━━━━━ DATASET SECTION ━━━━━

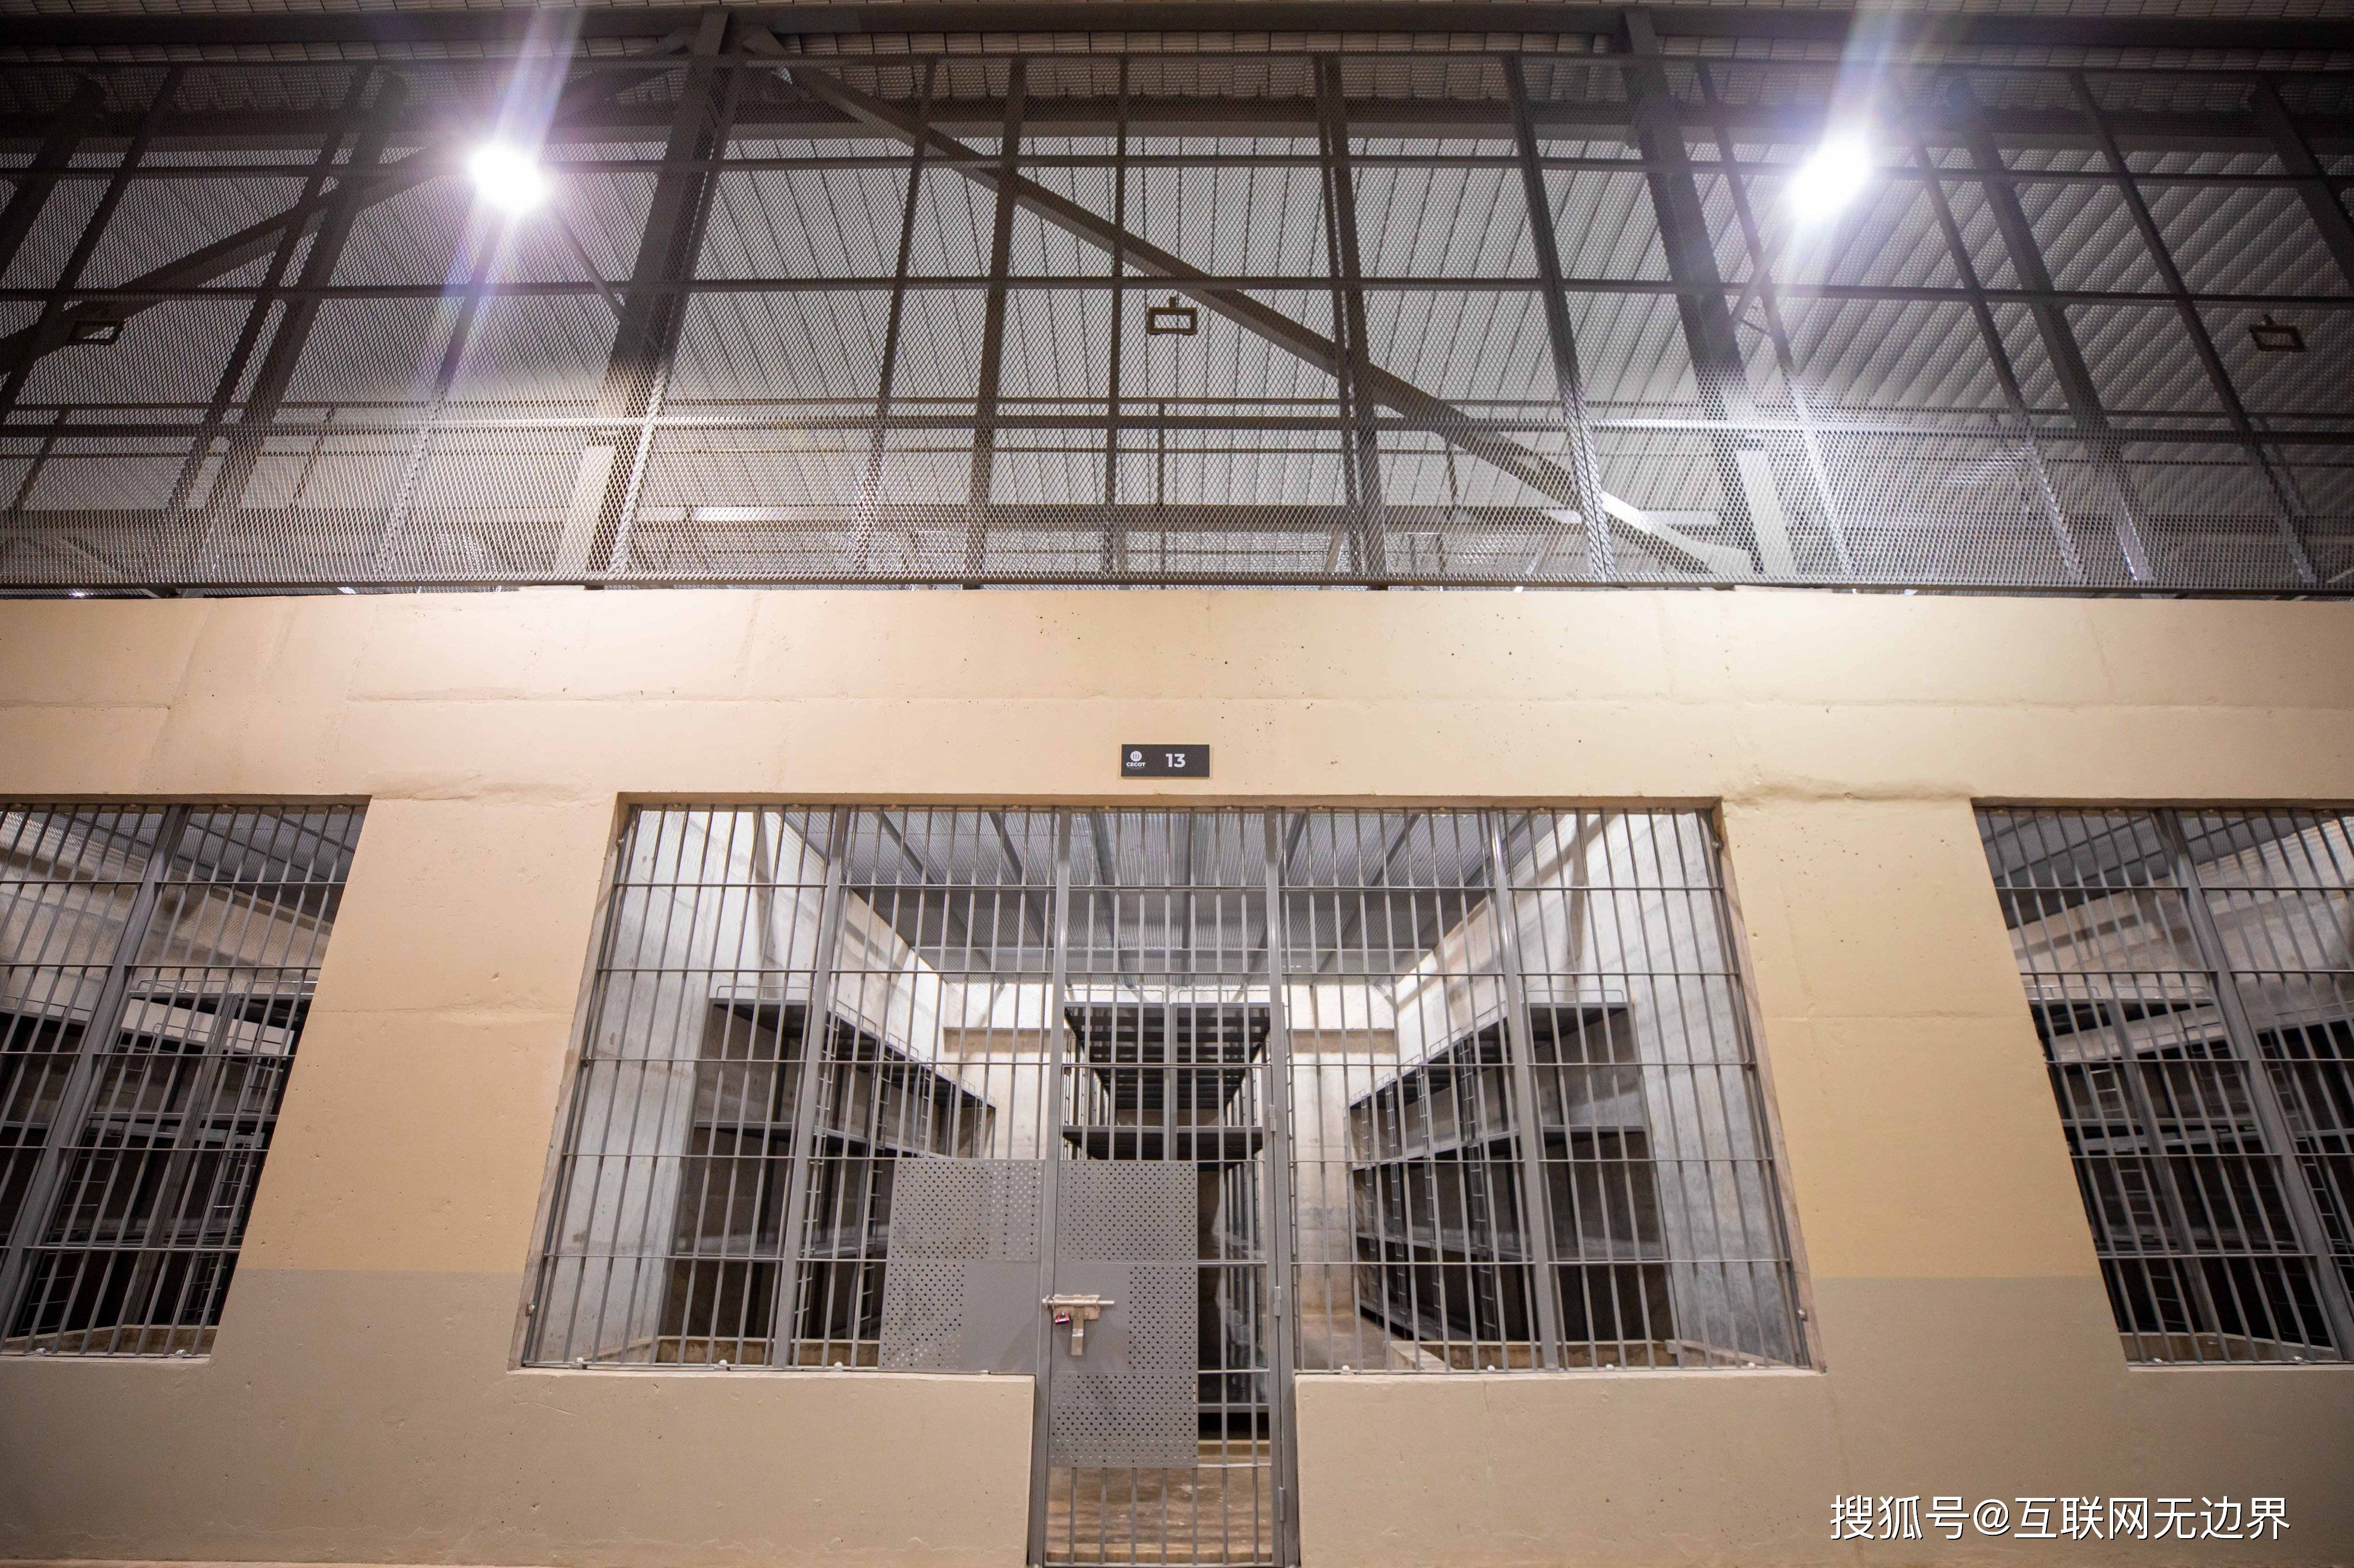 世界最大监狱诞生 可同时关押4万囚犯 吉尼斯纪录将被改写
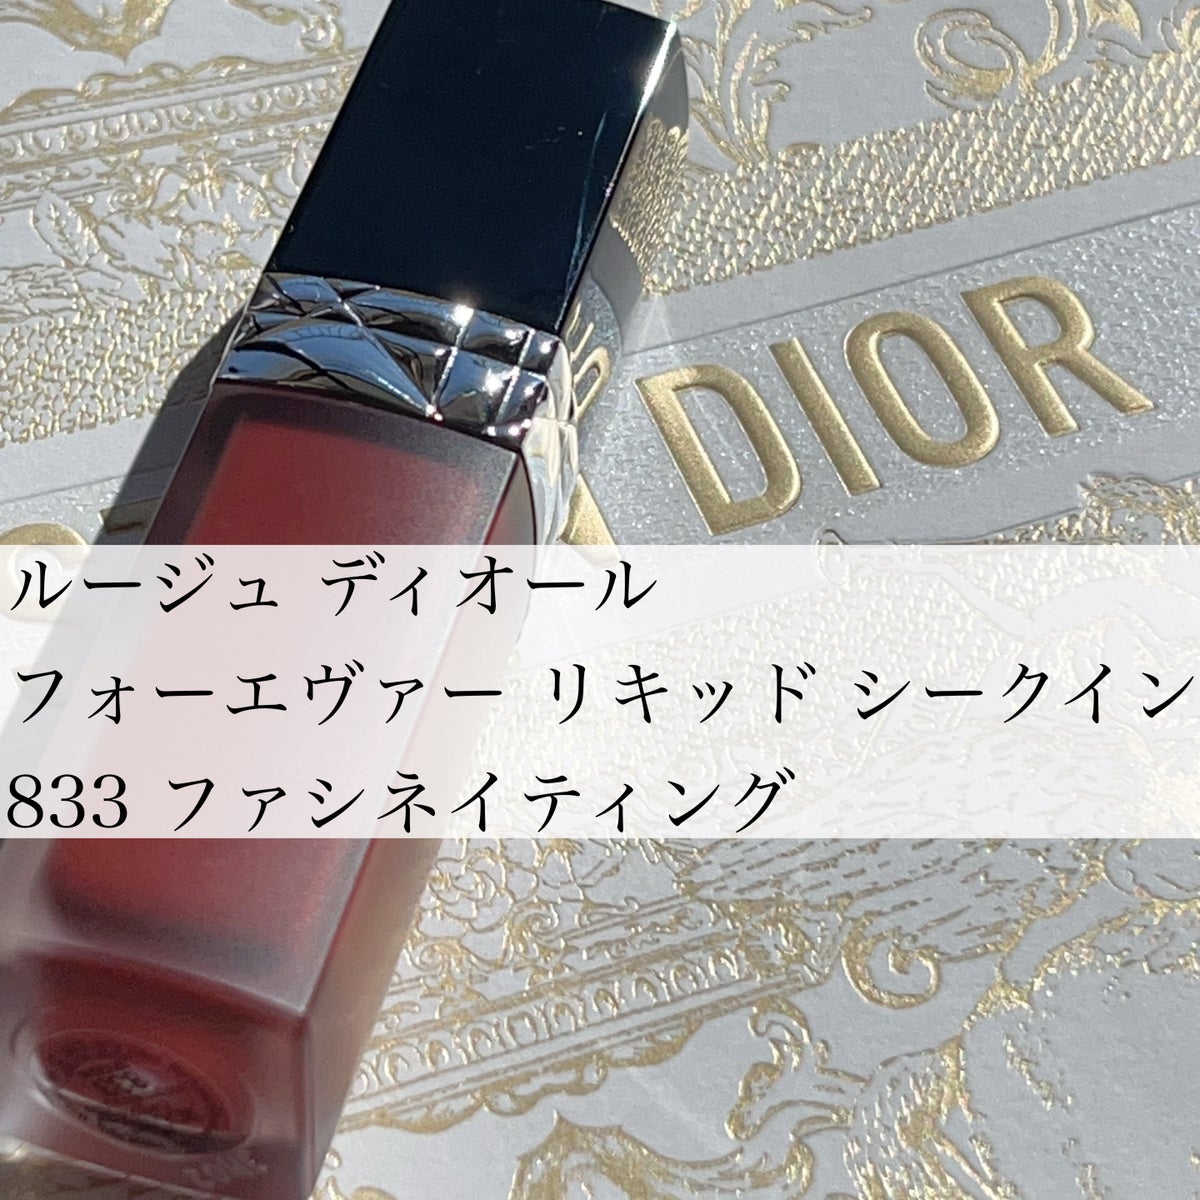 新商品発売中 Christian Dior ルージュディオール 833 ファシネ
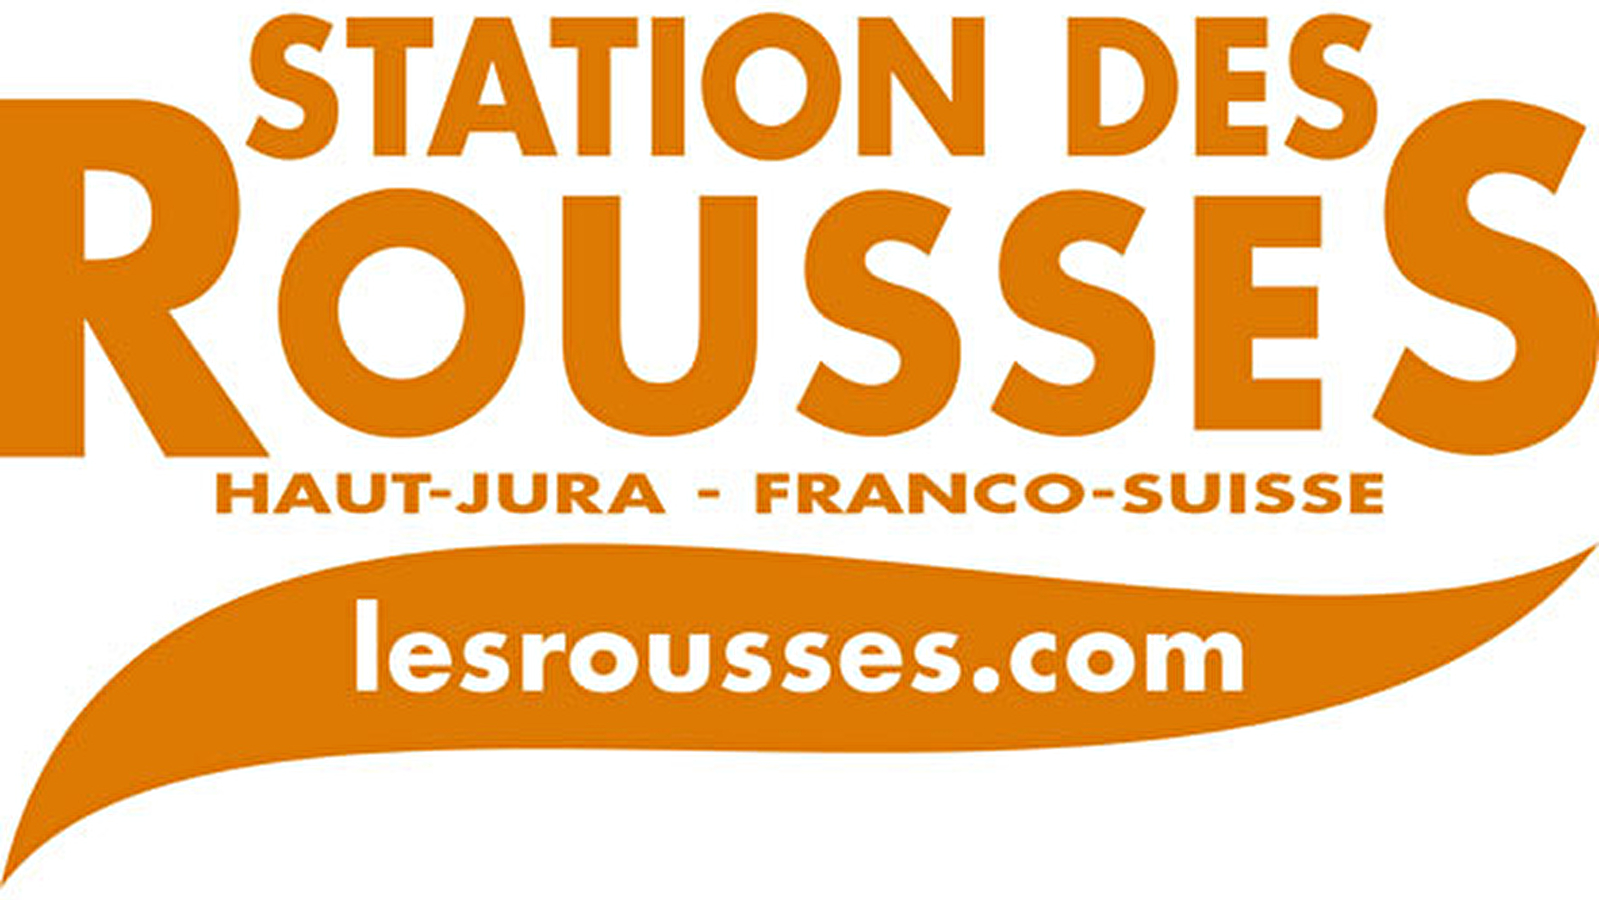 Bureau d'information touristique de Lamoura - Office de tourisme de la Station des Rousses

━━━━━

**EXERCISE AIM**: Return the full material word for word. Do not include the pictures.

**YOUR RESPONSE**:
 世界最大监狱诞生 可同时关押4万囚犯 吉尼斯纪录将被改写
 新商品発売中 Christian Dior ルージュディオール 833 ファシネ
 Bureau d'information touristique de Lamoura - Office de tourisme de la Station des Rousses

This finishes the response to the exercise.